- Battle of the Muthul: Part of Jugurthine War
| Date | 109 BC |
| Location | Muthul river, probably (present-day Mellègue River, Algeria and Tunisia) |
| Result | Strategic victory for Numidia; Roman retreat; |

Belligerents
- Kingdom of Numidia: Roman Republic

Commanders and leaders
- Jugurtha Bomilcar: Quintus Caecilius Metellus Gaius Marius Publius Rutilius Rufus

Strength
- 20,000 (light infantry, Numidian cavalry) 44 War elephants: 65,000—70,000 (heavy infantry, heavy and light cavalry, archers, slingers) five legions

Casualties and losses
- Low: High

= Battle of the Muthul =

Battle of the Jugurthine War

The Battle of the Muthul took place in 109 BC at the Muthul River in Numidia, as part of the Jugurthine War.

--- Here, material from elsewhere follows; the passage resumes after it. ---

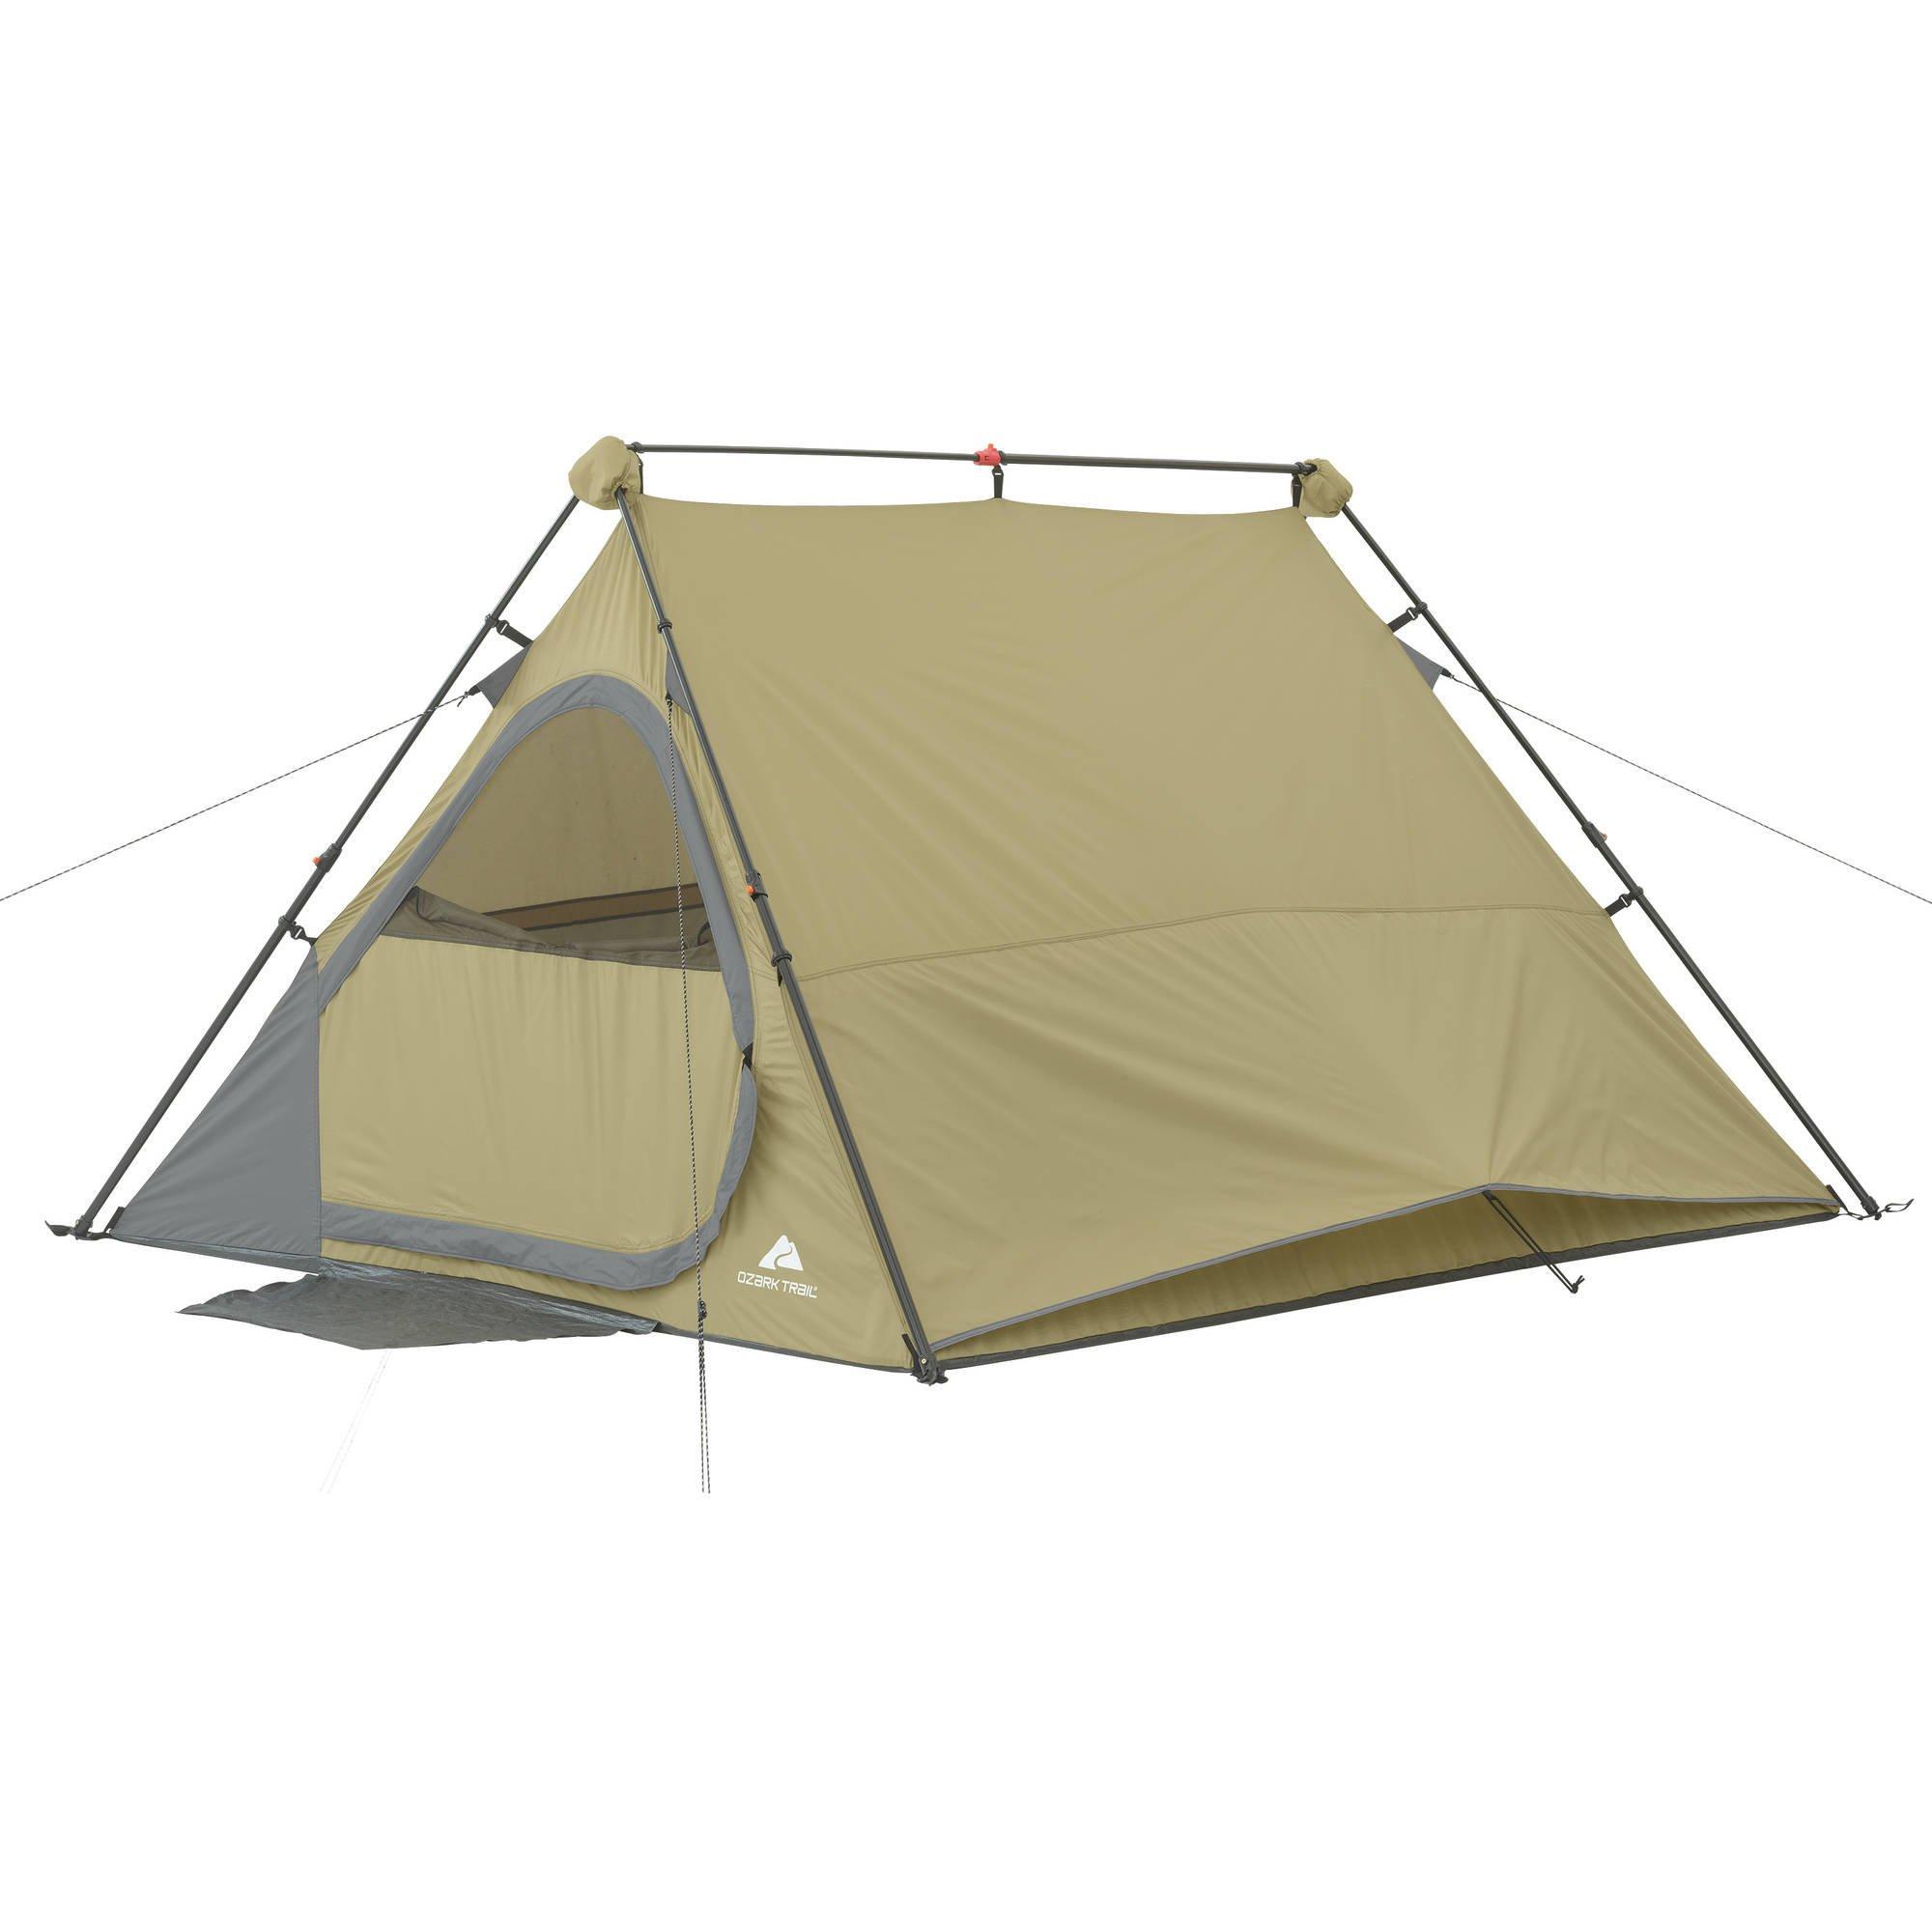 Ozark Trail 8' x 7' A Frame Instant Tent, Sleeps 4 Summer Beach Vacation Ozark Trail 8' x 7' A Frame Instant Tent, Sleeps 4 Summer Beach Vacation

The Numidian army, led by King Jugurtha, confronted a Roman army commanded by Consul Quintus Caecilius Metellus, who was assisted by Gaius Marius and Publius Rutilius Rufus. The battle was not decisive in the course of the war; however, it was characterized by its extreme complexity due to the differing military strategies and tactics employed by the Numidians and the Romans.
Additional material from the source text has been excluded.